PHOENIX — Tucson Medical Center has no right to sue a major national pharmacy on the claim that it is negligent for distributing opioids in the state, the Arizona Supreme Court ruled Wednesday.
In a unanimous ruling, the justices acknowledged that the epidemic of people addicted to the drug imposed “tremendous costs’’ on society in general and hospitals specifically.
But Justice Clint Bolick, writing for the court, said CVS Health Corp. had no duty to TMC to keep people from becoming addicted, getting sick — and ending up costing the hospital money.
Wednesday’s ruling is limited to the 2018 lawsuit filed by TMC against not just CVS but a host of other manufacturers and distributors seeking unspecified compensatory and punitive damages for their role in creating the opioid crisis that the hospital’s attorneys said was “devastating communities.” The case against most of the other defendants remain pending a trial in Pima County Superior Court.
But the decision by the high court is binding on all hospitals in the state, removing any chance they can recover from pharmacies what they say have been their financial losses caused by the epidemic.
“We are still reviewing the Supreme Court’s opinion,” said Tim Hartin, the hospital’s chief legal officer.
Hartin noted, however, that the ruling does not knock CVS out of the lawsuit entirely. It still leaves intact separate claims of public nuisance and that the company was unjustly enriched.
But it still will require the hospital to make its case.
In filing suit, the hospital charged that opioids “flooded into Arizona’’ because of negligence by all the defendants, creating the crisis.
It originally named only the manufacturers and distributors, claiming they downplayed addiction risk and did not monitor, investigate, detect or deny inappropriate refills and report suspicious orders of prescription opioids as required by law.
TMC added CVS as a defendant a year later, saying the company “failed to exercise due care in dispensing and instead dispensed far more opioids into Arizona communities than were needed for licit use.” And the hospital said the individual pharmacies did not have policies to avoid filling prescriptions indicative of abuse and failed to train employees to report cases where it looked like opioids were being diverted for improper use.
The result of all this, according to the hospital, was that hospitals in Arizona incur “millions of dollars in damage for the cost of uncompensated care.”
Pima County Superior Court Judge Janet Bostwick agreed to allow the claim against CVS to proceed. But Bolick said that was a legal error.
He said Arizona law does allow for lawsuits when someone is injured by the negligence of another.
Only thing is, Bolick said, a negligence claim can be pursued only if the party being sued owes some duty to the injured party. And in this case, he said, there is nothing that shows that CVS had any duty at all to protect TMC against financial damages.

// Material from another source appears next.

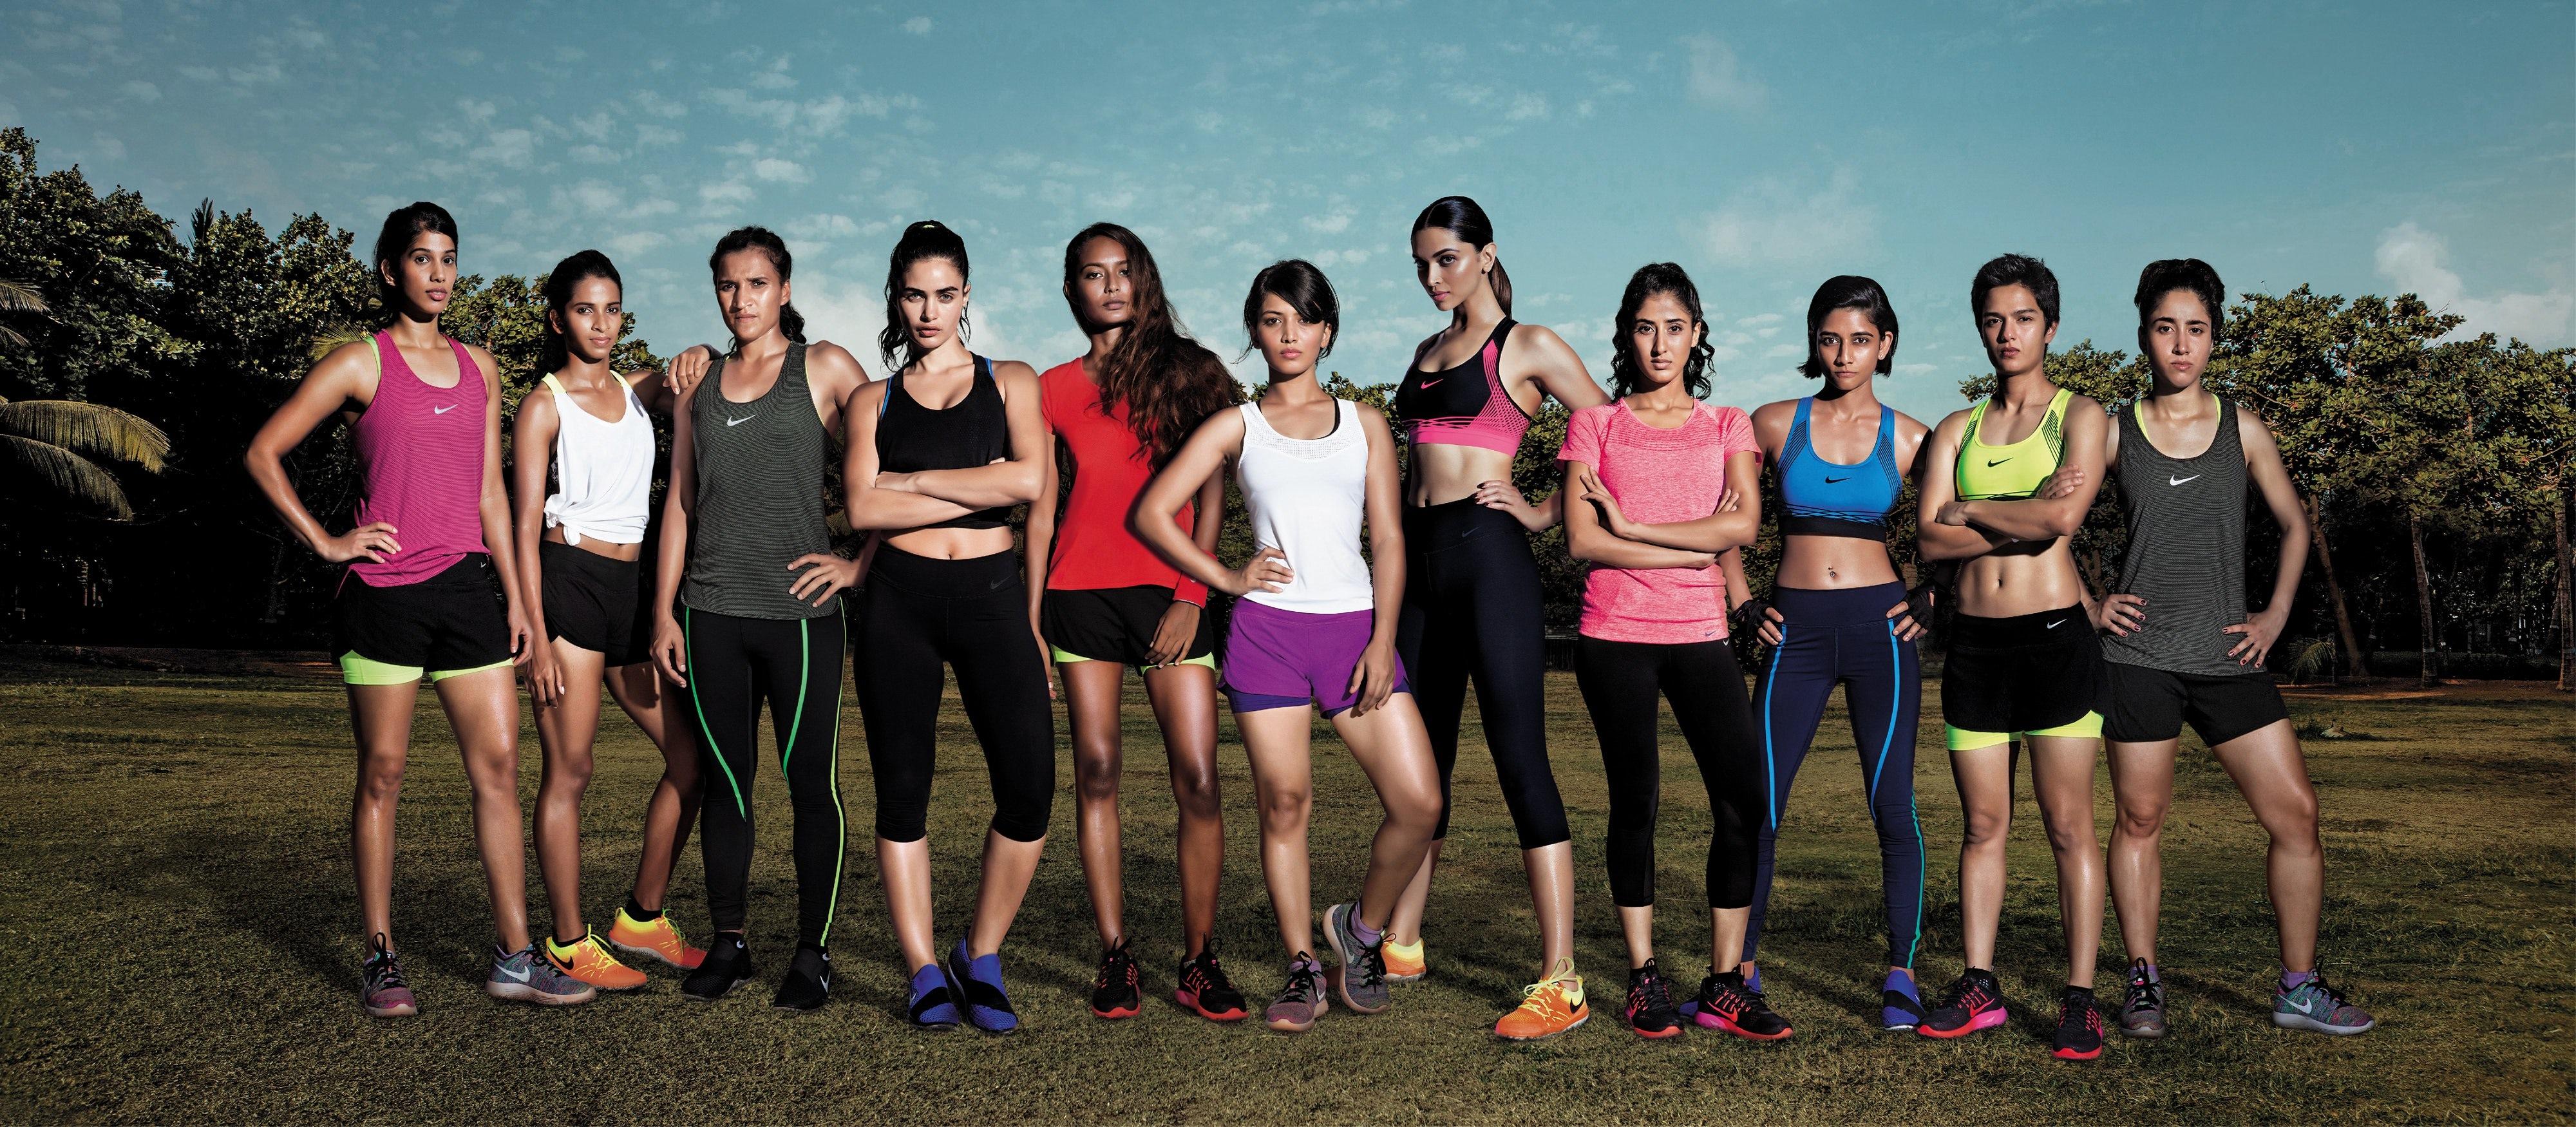 Nike India Da Da Ding campaign   Source: Courtesy

Bolick acknowledged there are federal and state laws governing opioid distribution that are designed to protect and prevent addiction.

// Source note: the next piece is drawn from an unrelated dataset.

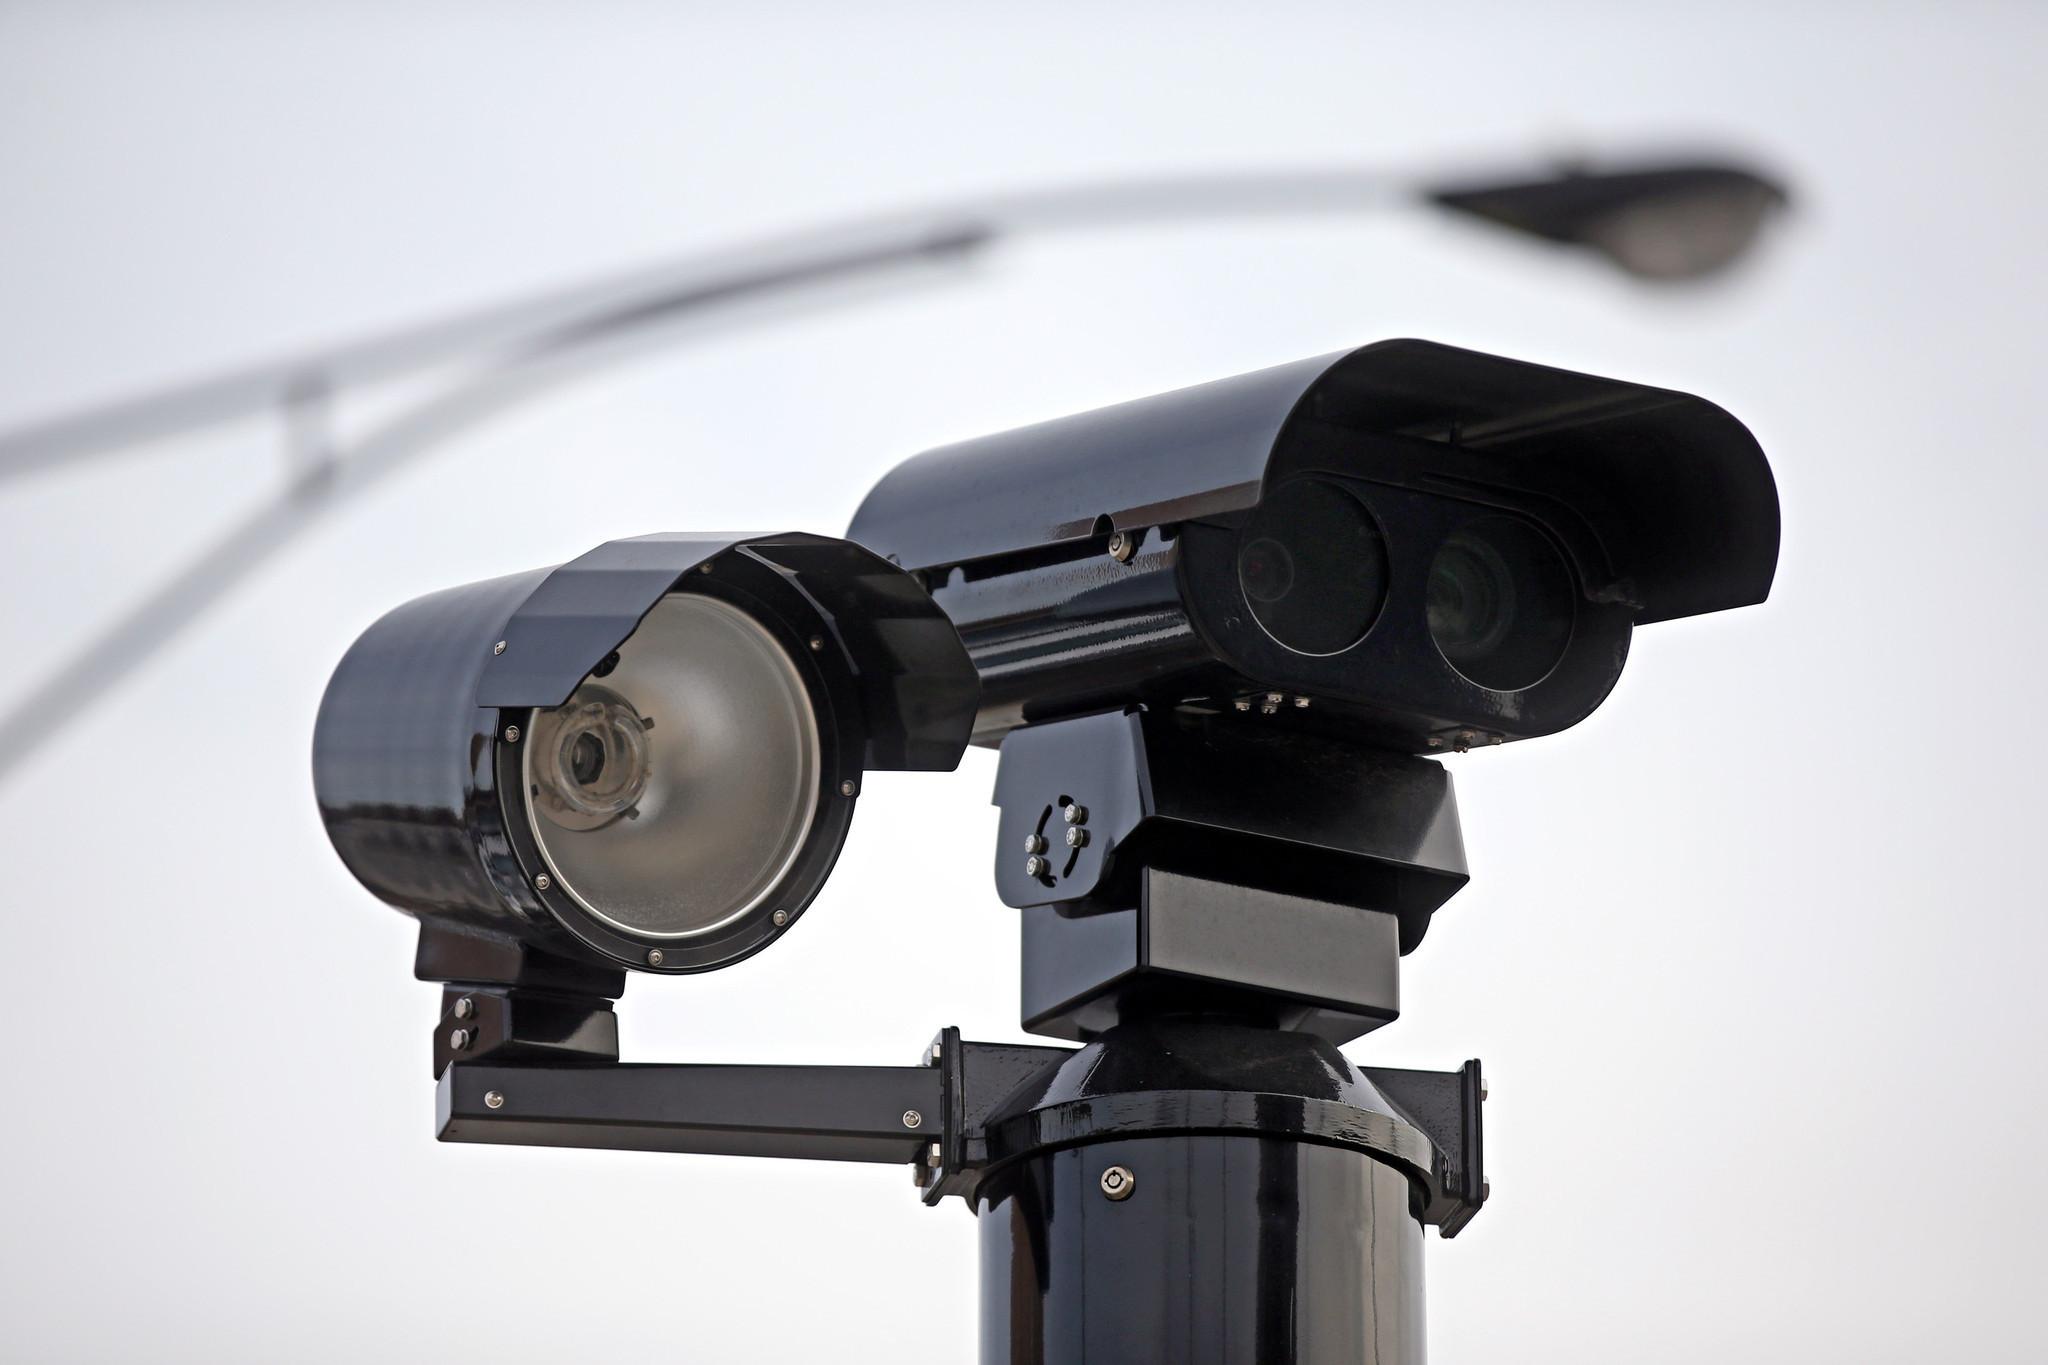 essay on red light cameras Argumentative essay on red light photo enforcement cameras custom essay [pewslideshow slidename=anim2.

“But the class protected by those statutes is prescription-drug users, not hospitals,” he wrote, saying those laws “protect individual members of the public from falling victims to drug misuse and abuse.”
That’s not the case here.
“TMC is a hospital,” Bolick said. “And a hospital cannot suffer from addition, overdose, and death, and thus does not fall within the class of persons meant to be protected.”

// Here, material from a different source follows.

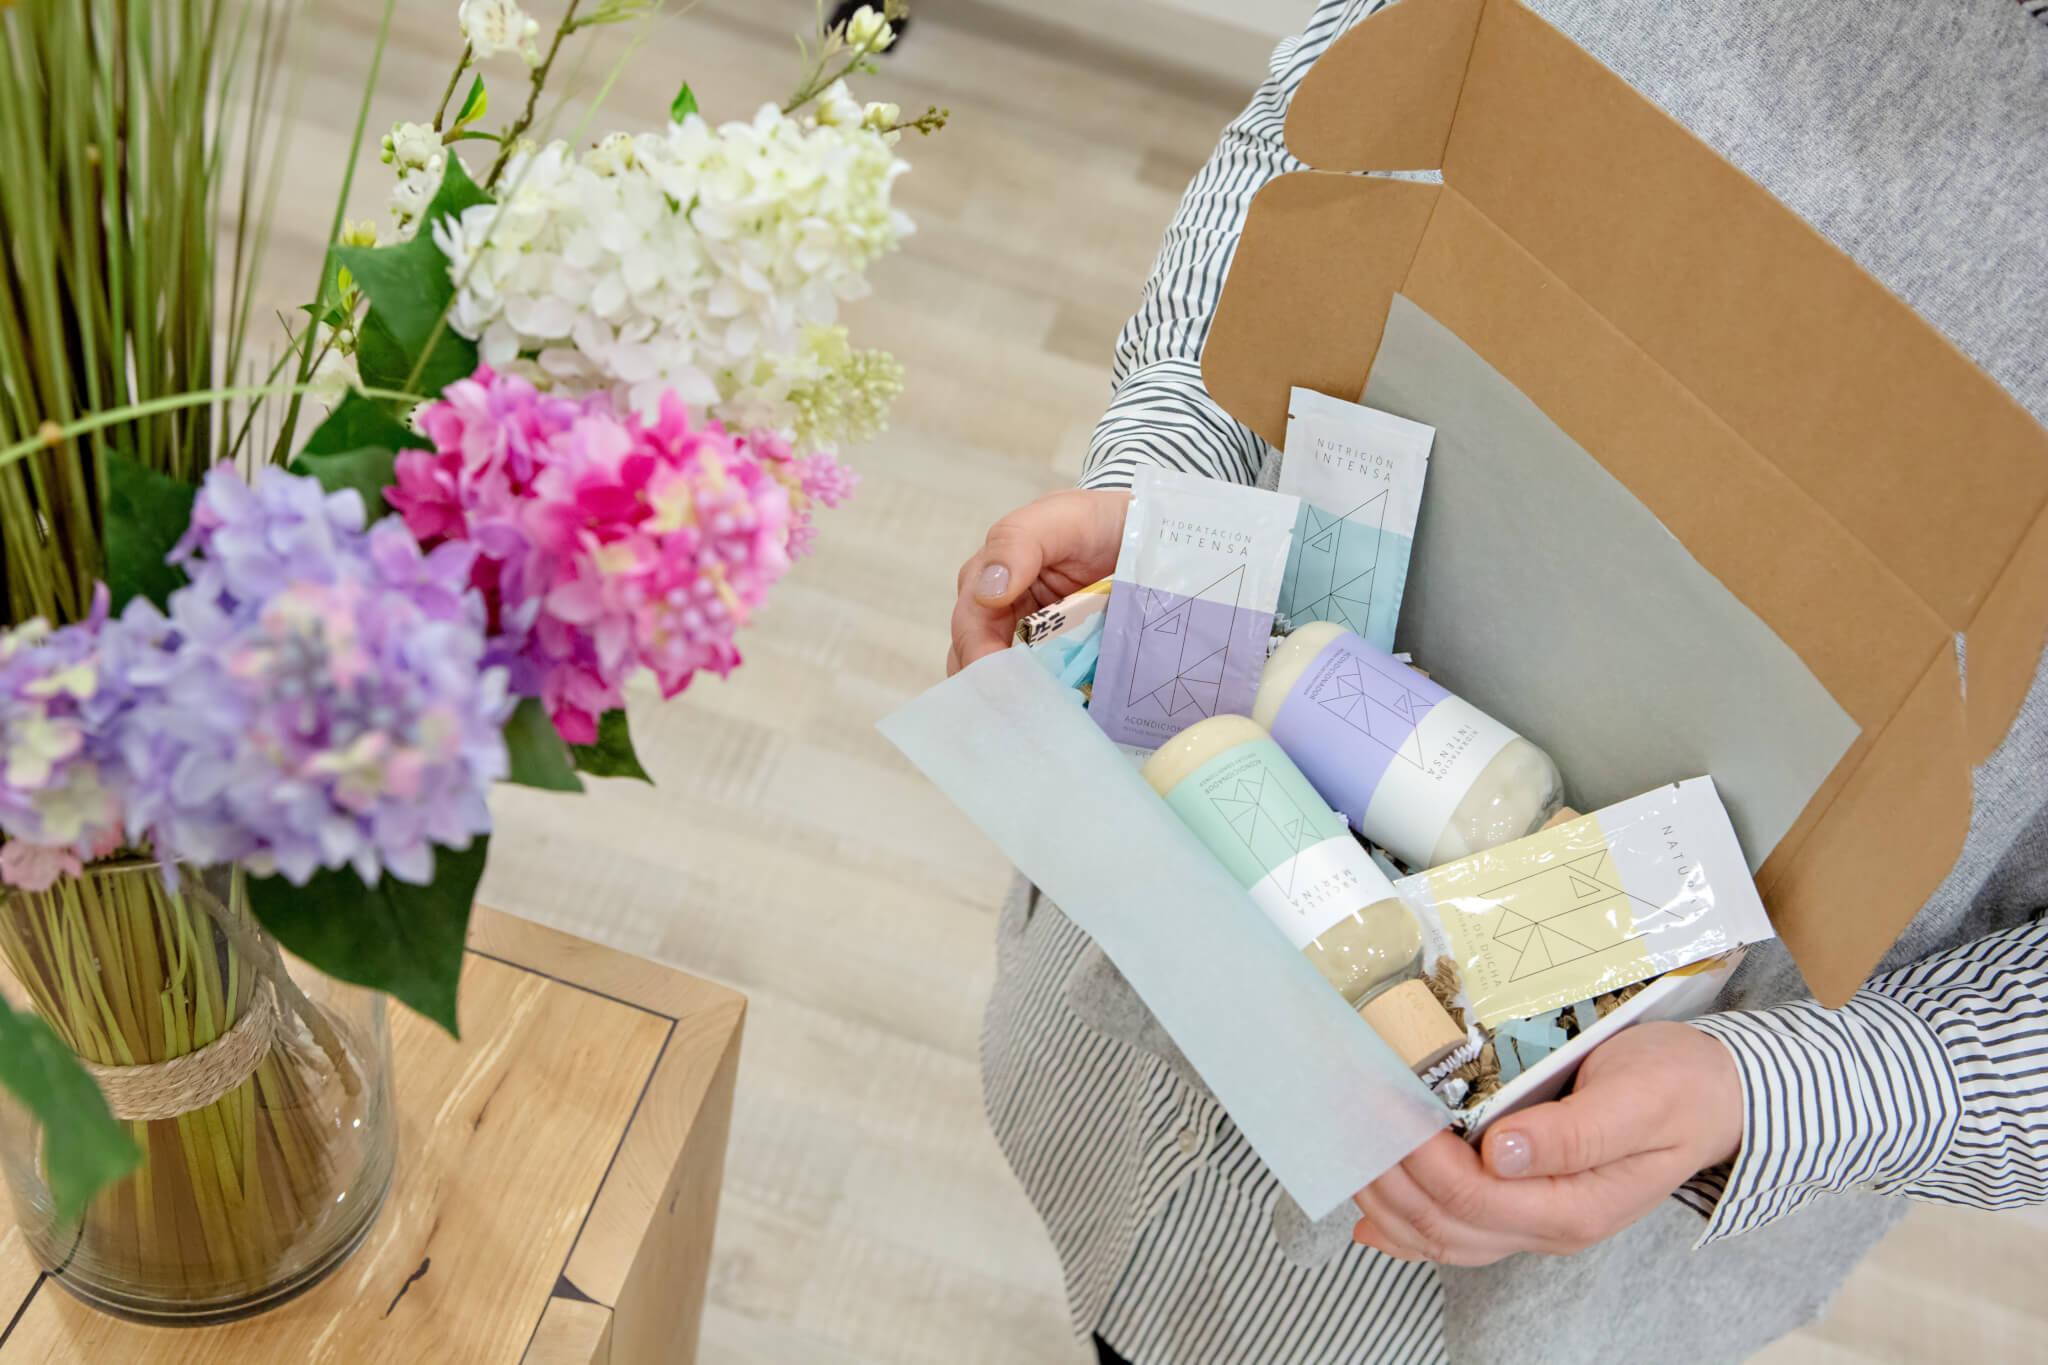 Die Verpackung von Eco Beauty Wellness

The justices were no more impressed by the hospital’s argument that it is required to provide necessary medical screening and to stabilize patients suffering emergency medical conditions.
“But that requirement does not establish a duty between a pharmacy and hospital,” Bolick said.
“Although that requirement arguably places a hospital at risk of incurring additional expenses, any claim to recoup such expenses belong to the hospital to assert against the patient,” he continued. “It does not provide a right to assert claims against third parties, such as pharmacies.”
Similarly, the justices said that other statutes that allow hospitals to recover for uncompensated care do not allow them to maintain this type of legal action.
Bolick said he and his colleagues are sympathetic to the problem of addiction.
“The human costs are tragic,” he said. And he said there also are tremendous financial costs imposed on society, and hospitals in particular.
But none of that, said Bolick, overcomes the fact that there is no basis for TMC to go after CVS.
“It is for Congress and the Legislature, not the courts, to create methods to alleviate those costs,” he said.